The problem there is how to define effectiveness.

If I purposely focus my character on non-combat abilities (in order to match their concept), that's going to make a character that's effective in the kind of games I play, but not for those who play a more combat-focused game.

I feel like even if you accept this, there's still sometimes hostility against optimizing within a certain domain.

For example, say I'm making a magus. I could choose to use Dervish Dance and Magical Lineage on shocking grasp, or I could take, say, Power Attack on a Str-focused build along with Armor Expert. Maybe my image in the first place is of a heavily (well, moderately) armored gish who can cast spells and use brute force at the same time. The high Dex Dervish Dance build is inappropriate (I want to use a longsword anyway, not a scimitar). Noncombat stats are roughly comparable between the two, so we're just looking at combat.
Here, it seems like I'm losing out. Str magus has less Dex, so less AC and Ref. Power Attack doesn't give the same kind of returns to a magus compared to, say, fighter, considering the lower BAB. The magus gets their damage a different way (damaging touch spells). I can do the Magical Lineage trick with my second trait and the meta feat, but that's really pigeonholing my attack routine.

I honestly would rather be able to just say "I want to make a Str magus" and feel like I was as effective as the Dex magus, instead of possibly being more or less effective. It's not like I particularly like having to comb through all the options while focusing on which is "better."
I know that a good group and a sensible GM can make most concepts and executions work by smoothing things over and adjusting encounters, but I wish I could more confidently make a character in isolation and know that it was both sufficiently good at its job without overshadowing other characters. The easiest way to do this is just assume a relatively high level of optimization and build to that. If anything, building optimized characters is a matter of being polite. I can always wind them back a few notches if its clear they're inappropriate for the group, but it's difficult to rebuild an unoptimized character to fit in a high powered group.

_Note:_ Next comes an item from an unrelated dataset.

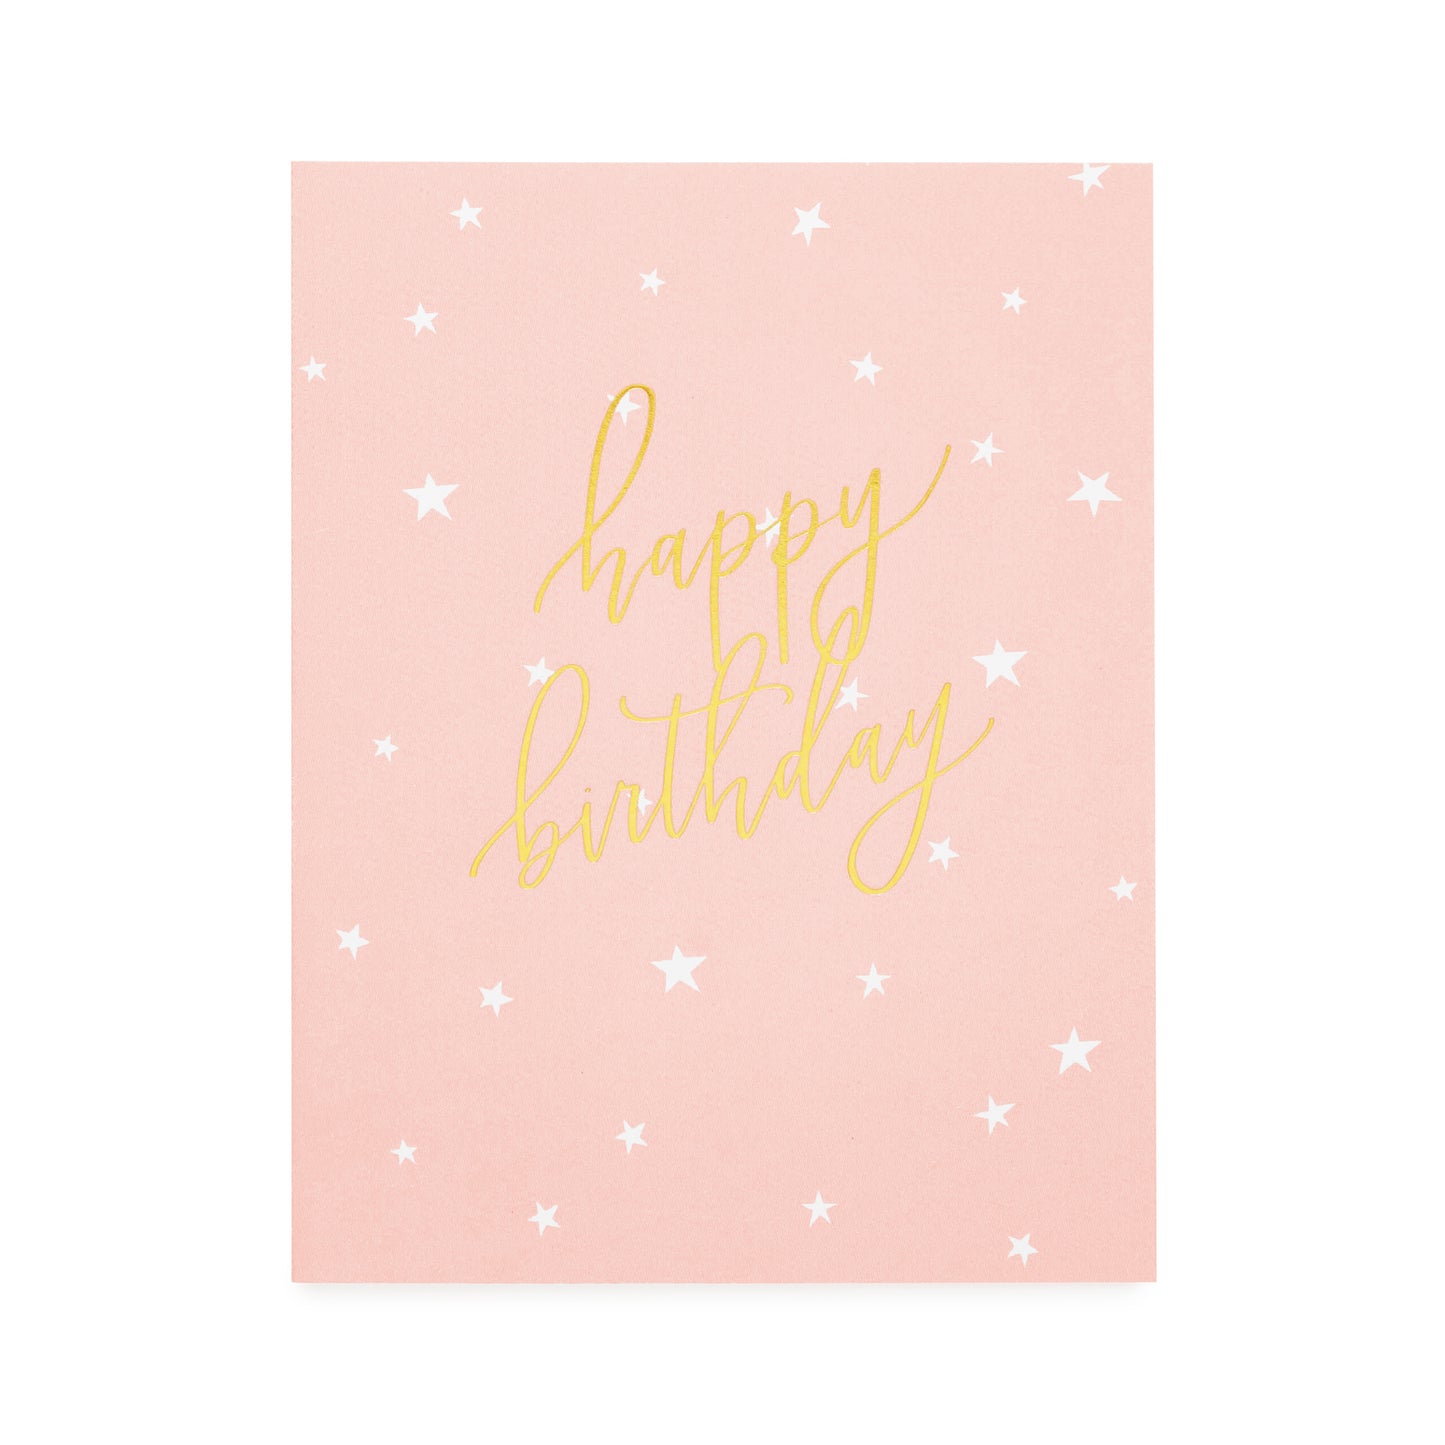 rose pink card with white scattered stars and gold script happy birthday

To be perfectly frank, it seems like characters of the same level should be about equal in power. Calling a character "weak" or "unoptimized" only makes sense in comparison to other characters of their level, and it feels like the game has fundamentally failed if characters of the same level have wildly different levels of power (assuming you're still making a good faith effort to build an effective character, ie not taking metamagic feats if you don't cast spells).
I mean, if you want to have a story about a character slightly out of their depth, sure go ahead, but do that by playing, say, a level 7 character in a party that's otherwise level 10.


Would also love a copy of the rules, whenever it's convenient.